** DIRECTIONS FOR THIS TASK **
Look below for the line that contains "Maritime Infrastructure Development" and the line that contains "Stem Table Lamp", then restate both of them and every line in between, exactly. No picture goes in the copy.

** EXERCISE INPUTS **
____________________

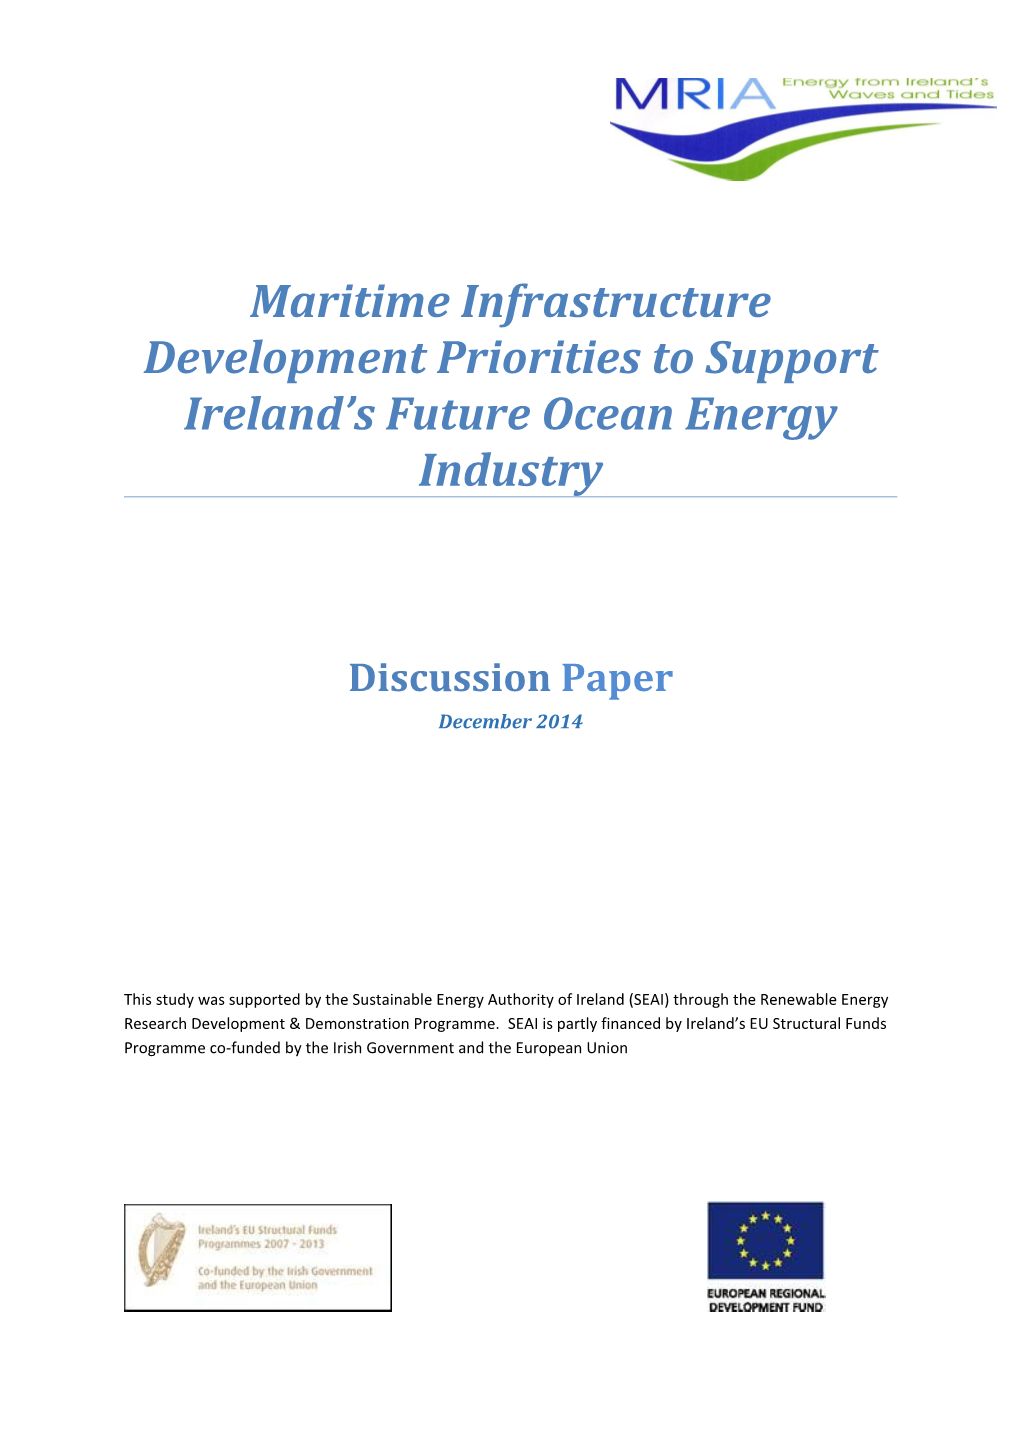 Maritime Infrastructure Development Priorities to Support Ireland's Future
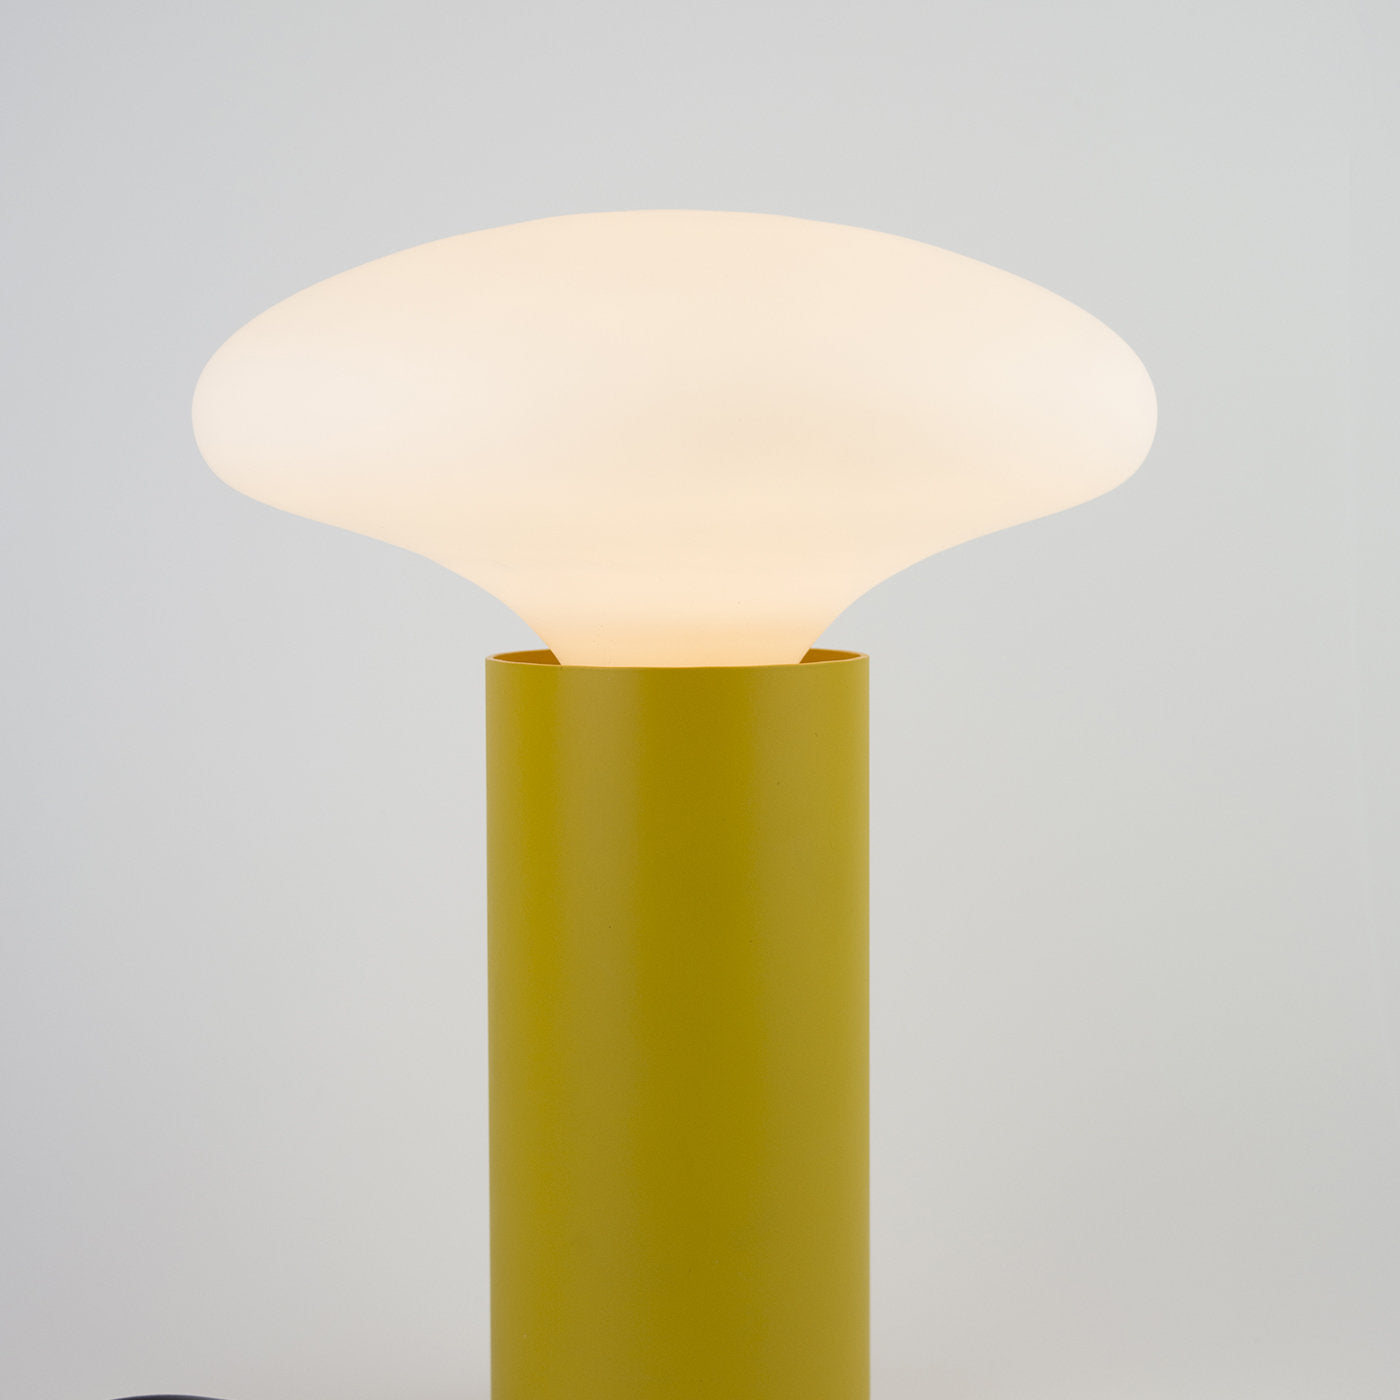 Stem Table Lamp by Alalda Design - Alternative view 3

____________________

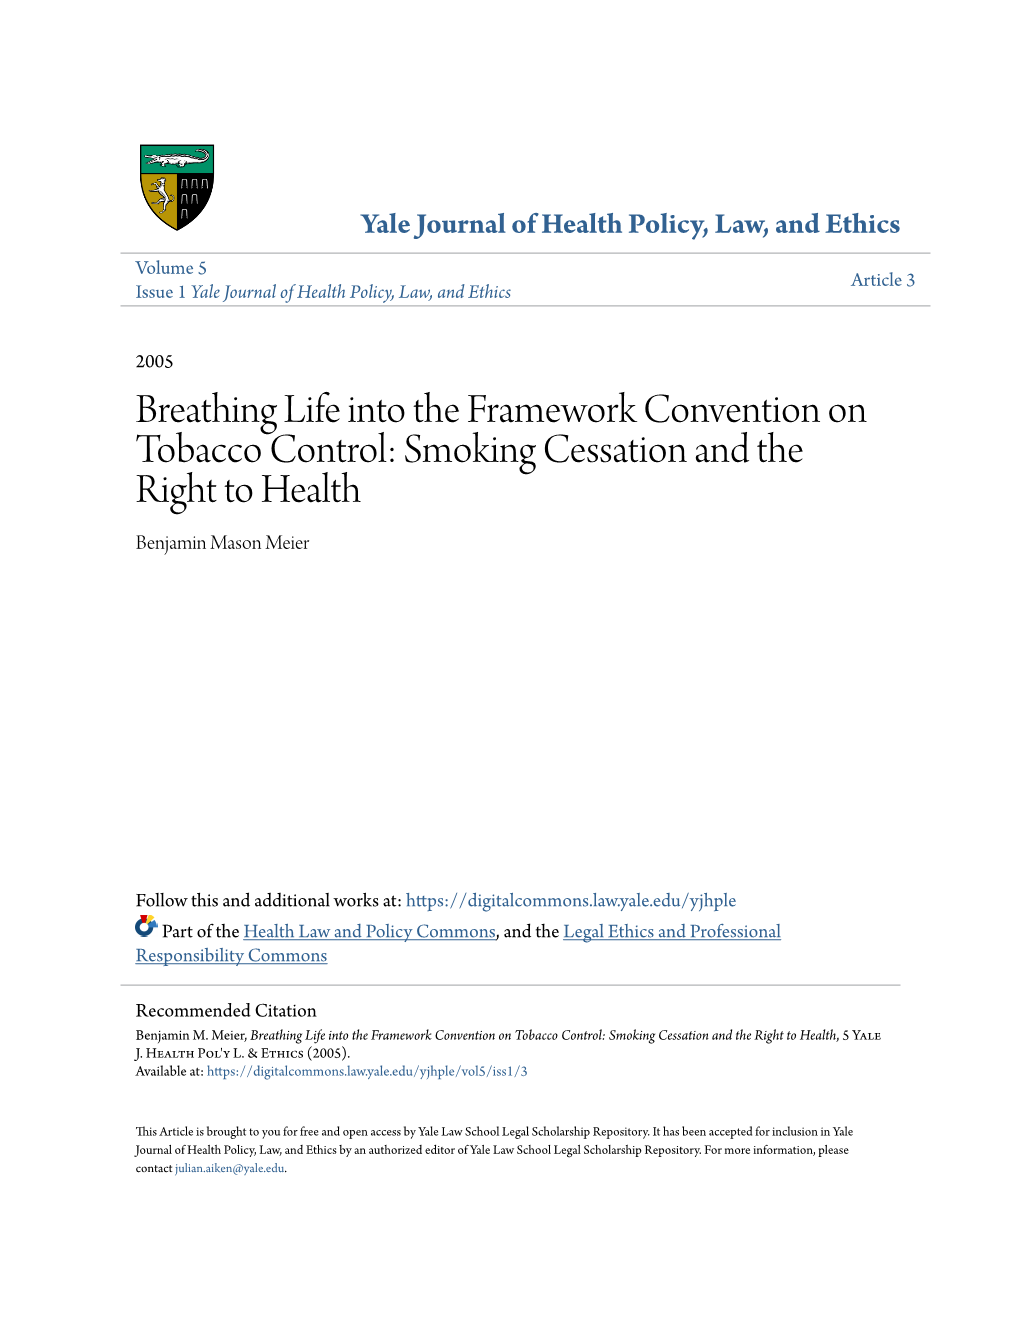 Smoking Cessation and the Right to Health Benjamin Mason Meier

____________________

** TASK OUTPUT **
 Maritime Infrastructure Development Priorities to Support Ireland's Future
 Stem Table Lamp by Alalda Design - Alternative view 3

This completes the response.